Sukses

Terima Laporan 2 Kubu, Bawaslu Sebut Kecurangan Terstruktur Hitung Suara Sulit Dibuktikan

Rahmat Bagja menyebutkan untuk menentukan terjadi kecurangan Pemilu yang terstruktur, sistematis dan masif, perlu pembuktian yang kuat.

Liputan6.com, Jakarta - Komisi Pemilihan Umum (KPU) terus melakukan proses penghitungan suara baik pemilihan legislatif maupun pemilihan presiden 2019.

Namun, dalam proses penghitungan suara yang tengah berlangsung, muncul isu kecurangan pemilu secara terstruktur sistematis dan masif (TSM) yang dianggap menguntungkan salah satu pasangan calon presiden.

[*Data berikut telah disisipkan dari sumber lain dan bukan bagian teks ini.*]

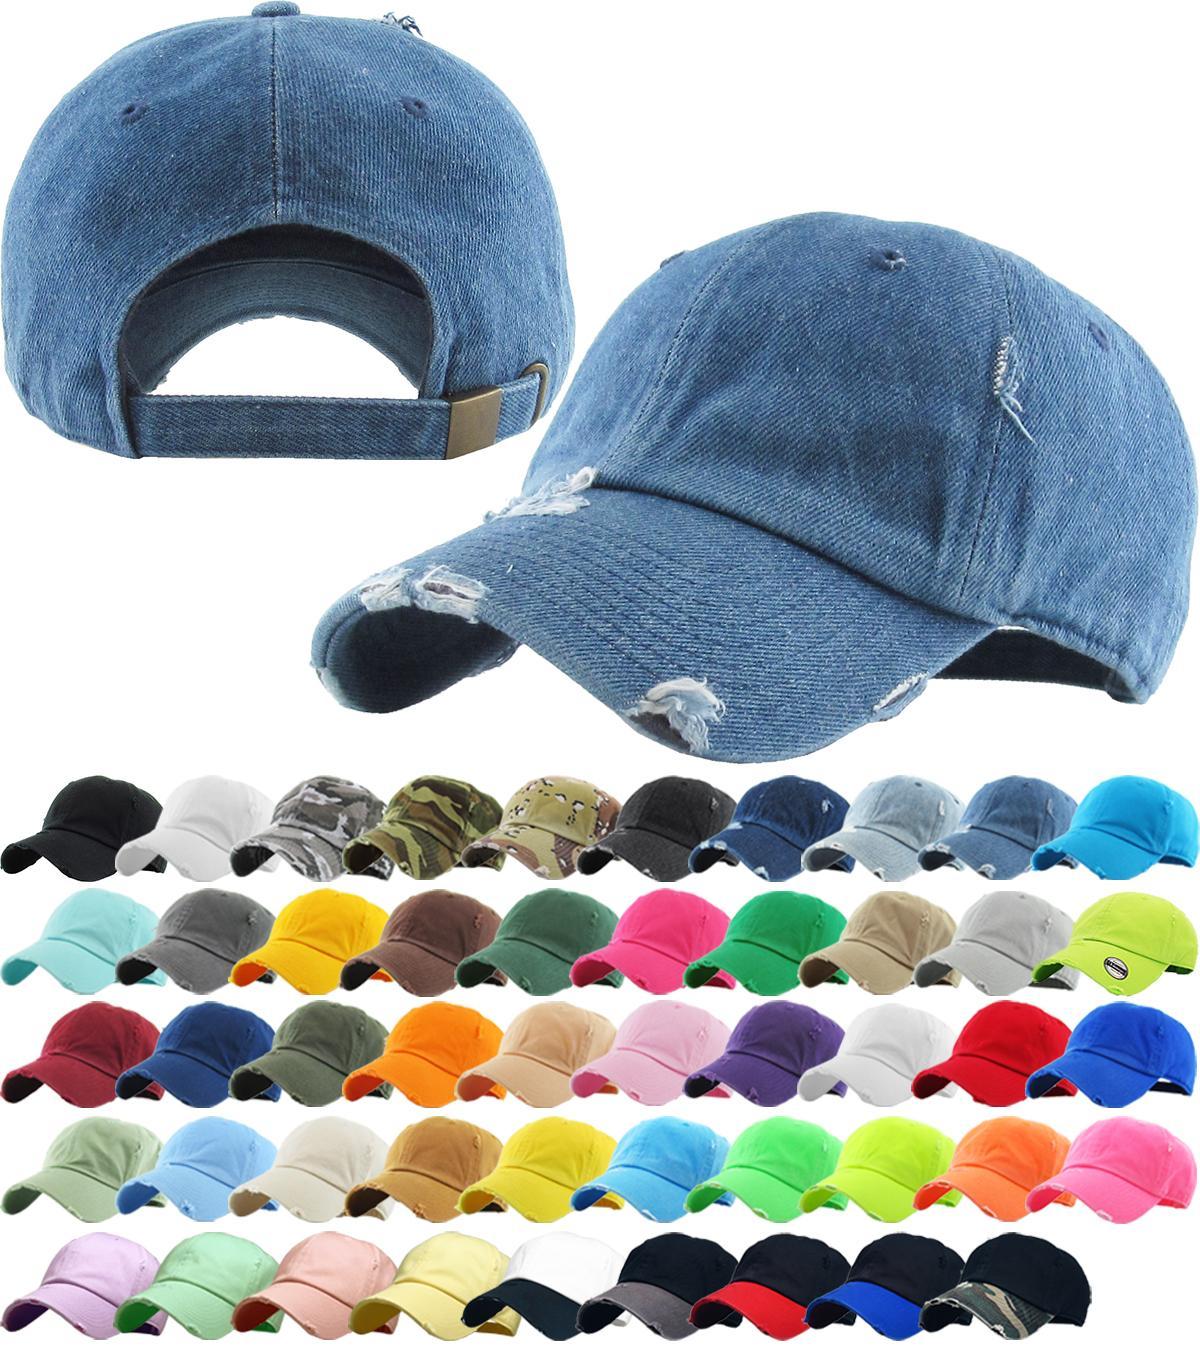 Wholesaler Cap

Anggota Badan Pengawas Pemilu (Bawaslu) Rahmat Bagja menegaskan tuduhan kecurangan yang terstruktur, sistematis dan masif sulit dibuktikan. Apalagi, berbagai laporan dan temuan kecurangan sudah ditindaklanjuti oleh Bawaslu. Laporan pelanggaran pemilu yang masuk sejauh ini datang dari kedua belah pihak, yakni  koalisi 01 dan   pasangan calon 02.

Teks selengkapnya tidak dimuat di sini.